→ Recorded data
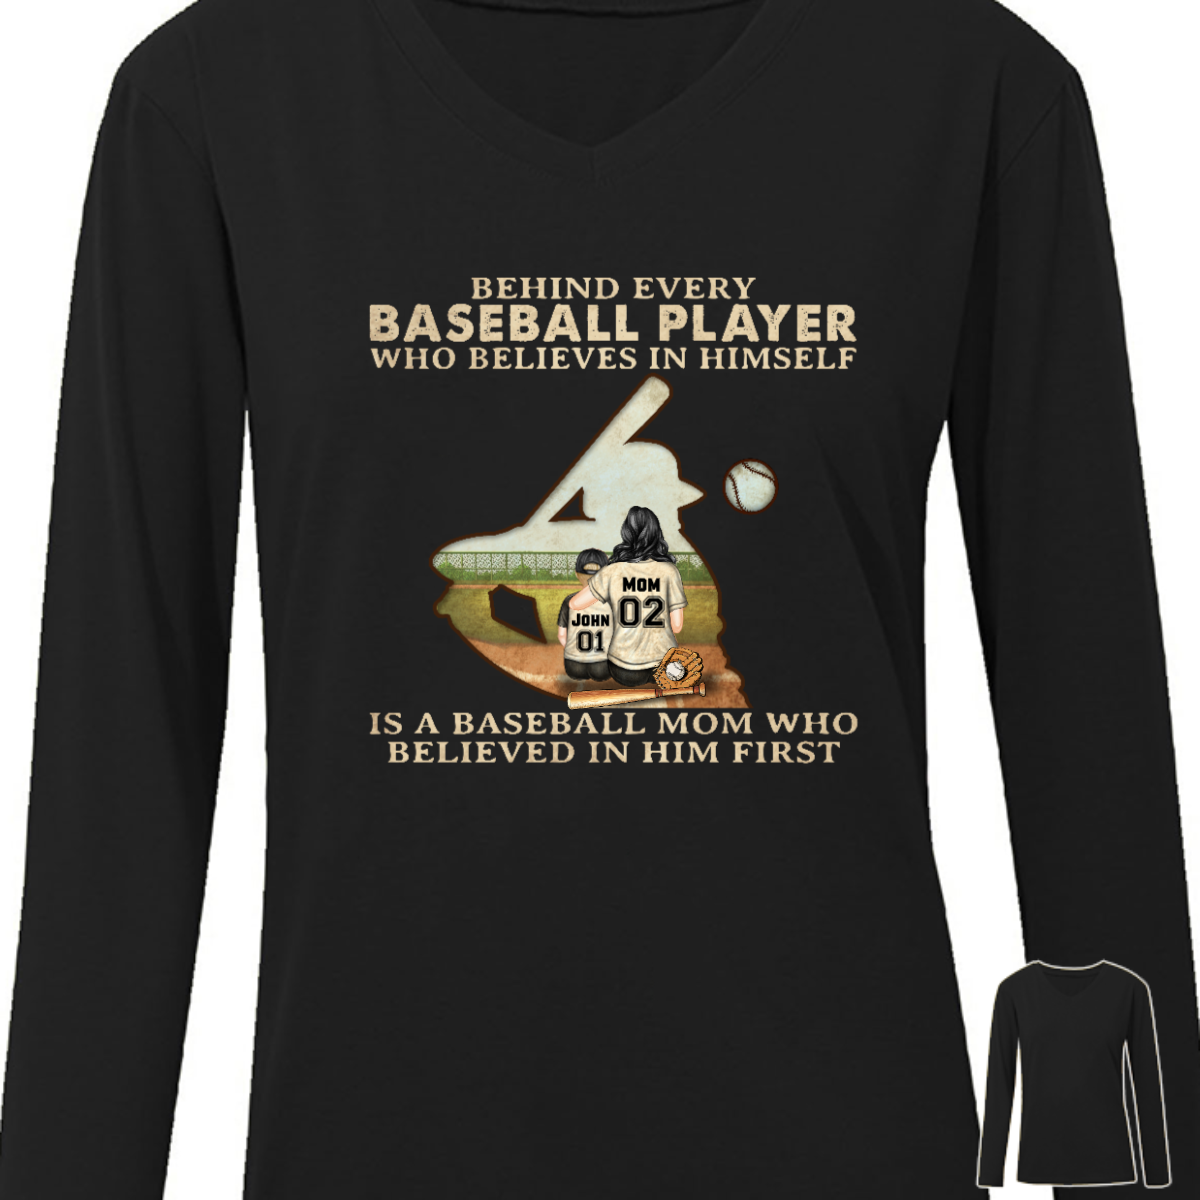 自分を信じるすべての野球選手の背後にいる野球ママ - 母親への贈り物 - パーソナライズされたカスタム長袖シャツ
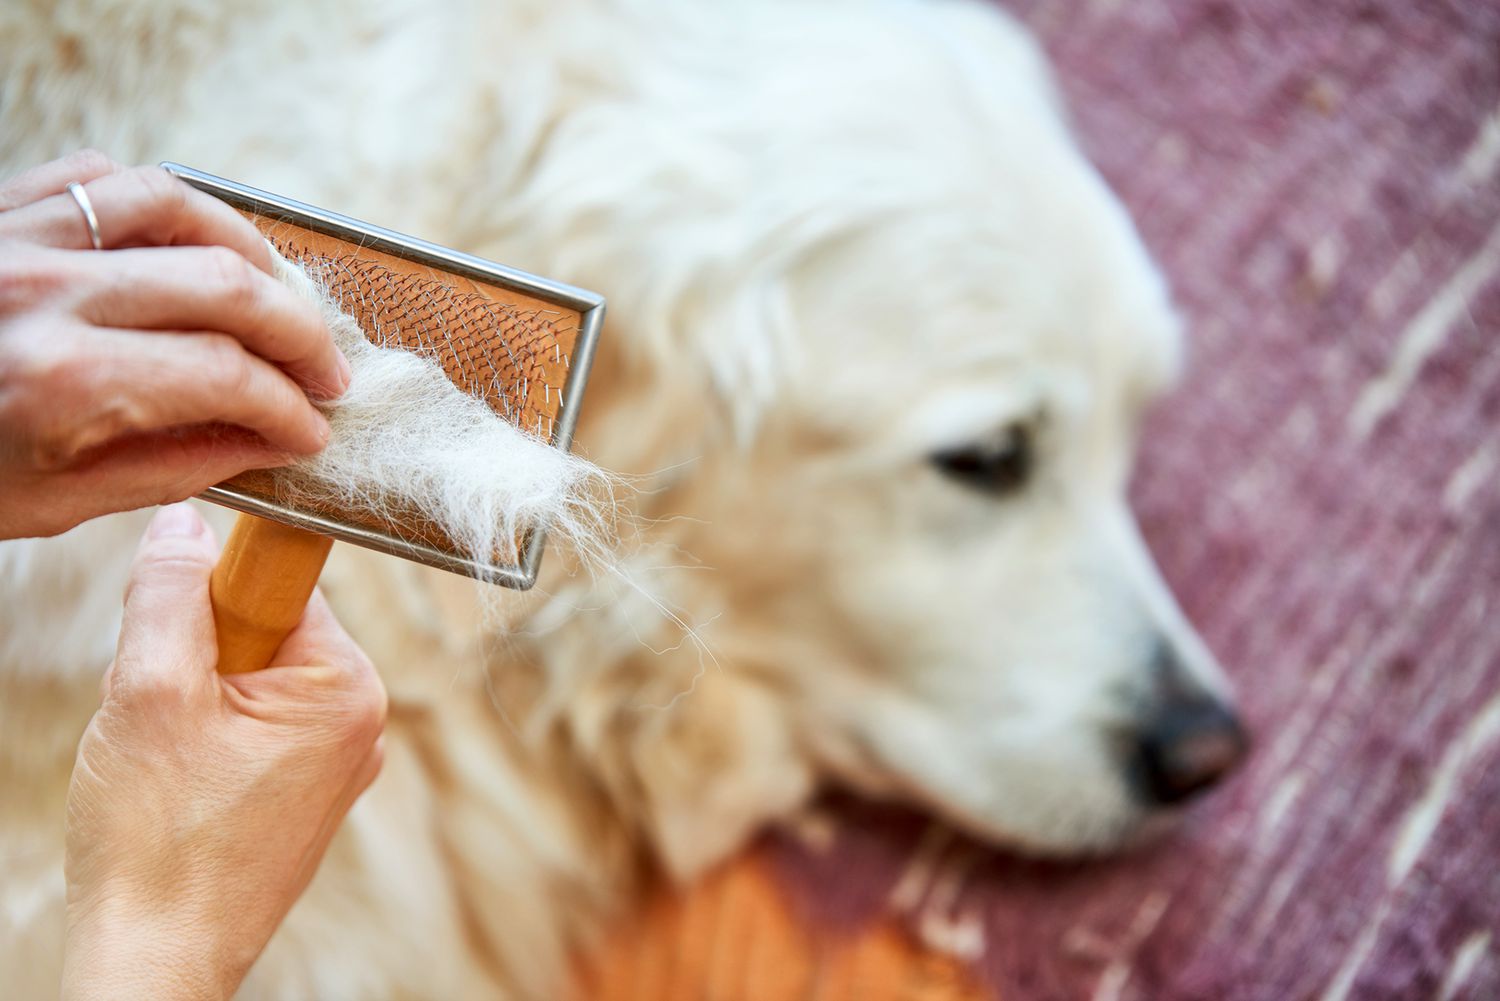 Tìm hiểu sức khỏe thông qua bộ lông của chó 
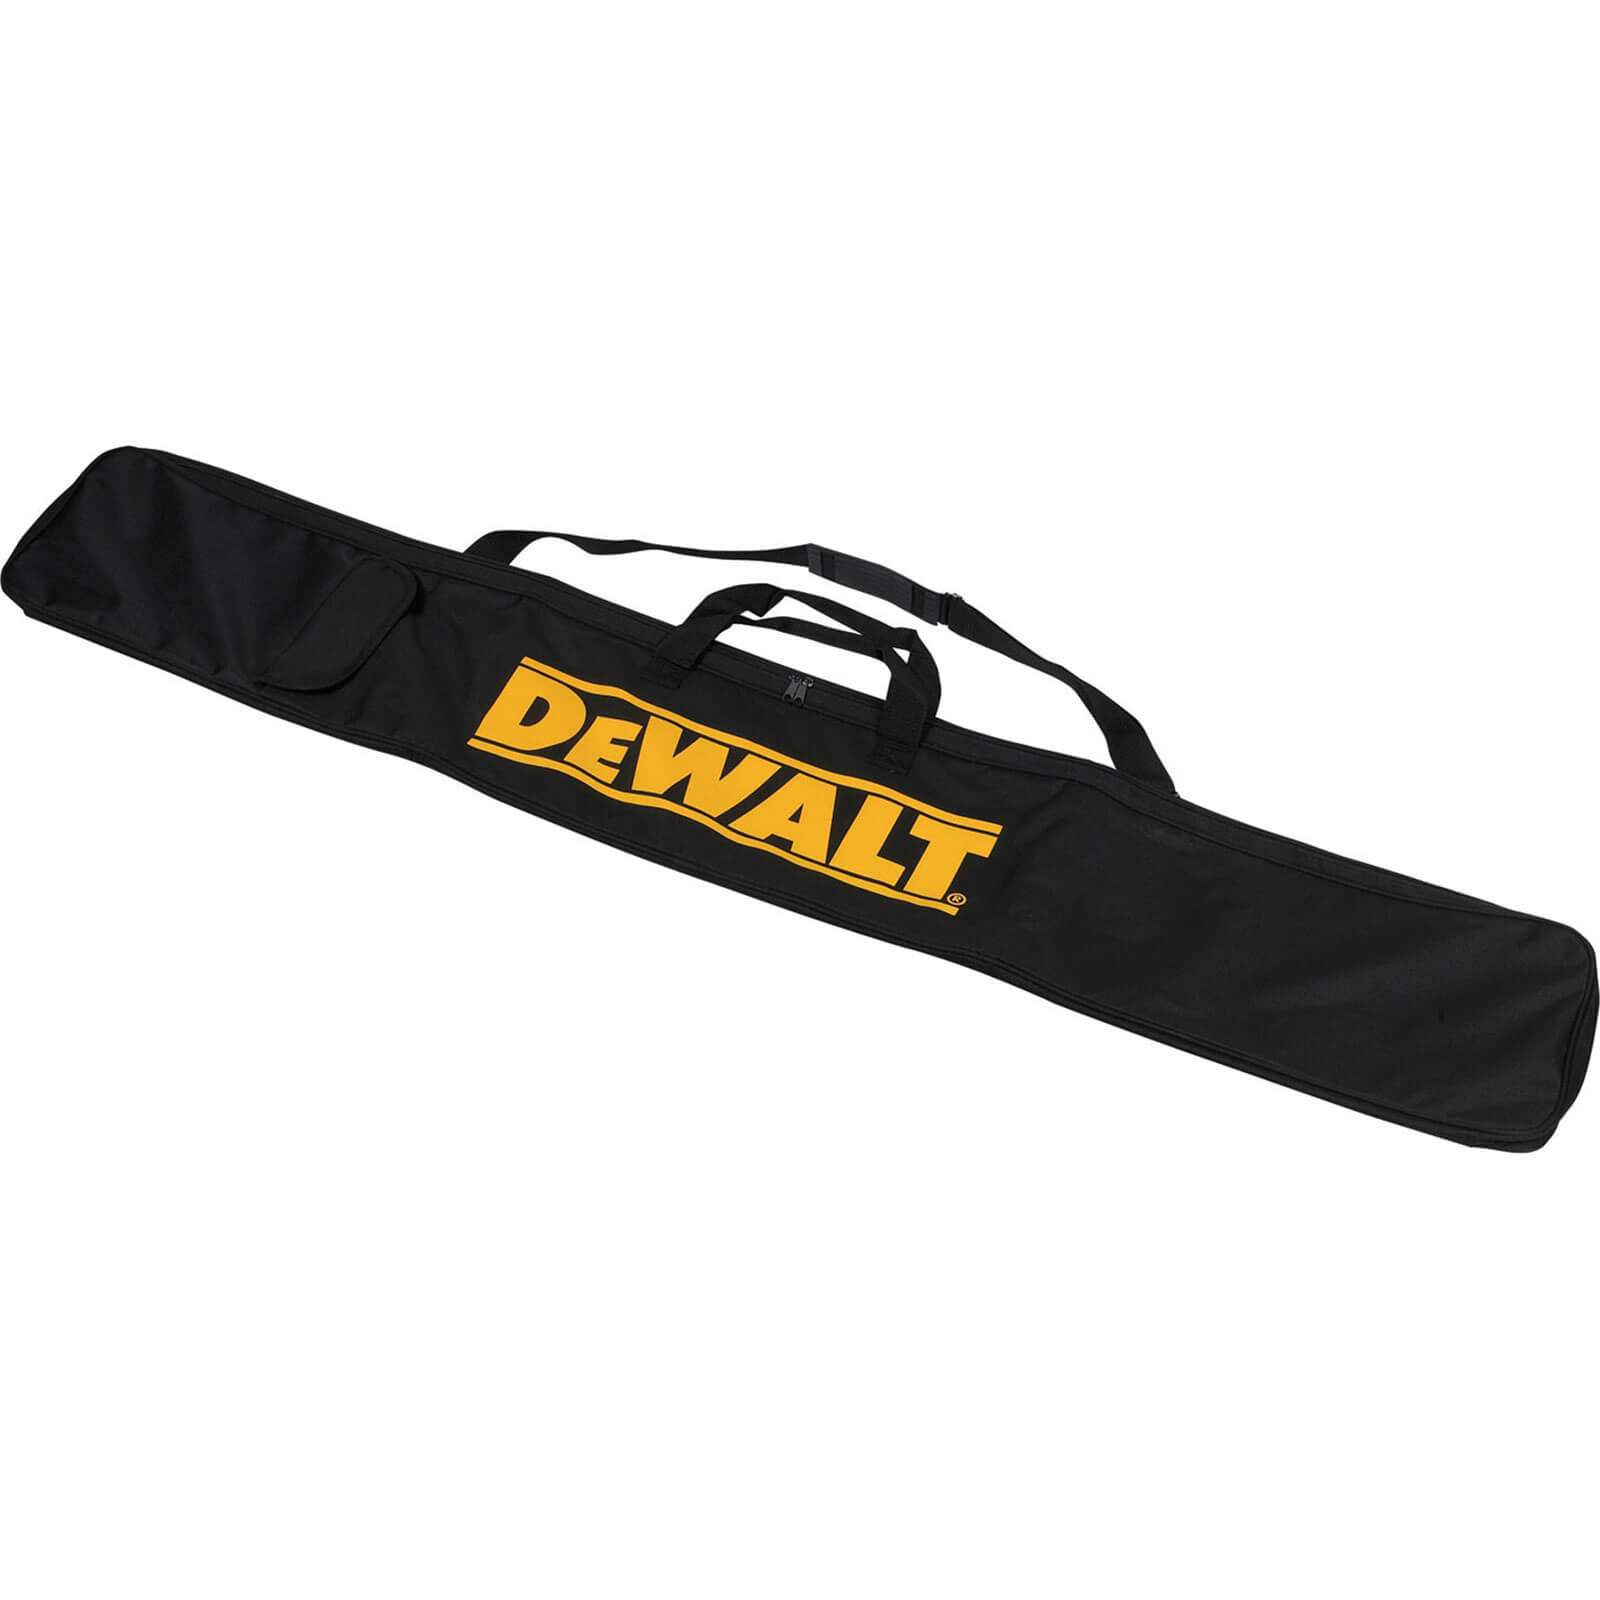 DeWalt Plunge Saw Guide Rail Bag

→ Your task
In the printed copy, the material above must appear unchanged and without its pictures.

→ Output of the task
 自分を信じるすべての野球選手の背後にいる野球ママ - 母親への贈り物 - パーソナライズされたカスタム長袖シャツ
 Tìm hiểu sức khỏe thông qua bộ lông của chó 
 DeWalt Plunge Saw Guide Rail Bag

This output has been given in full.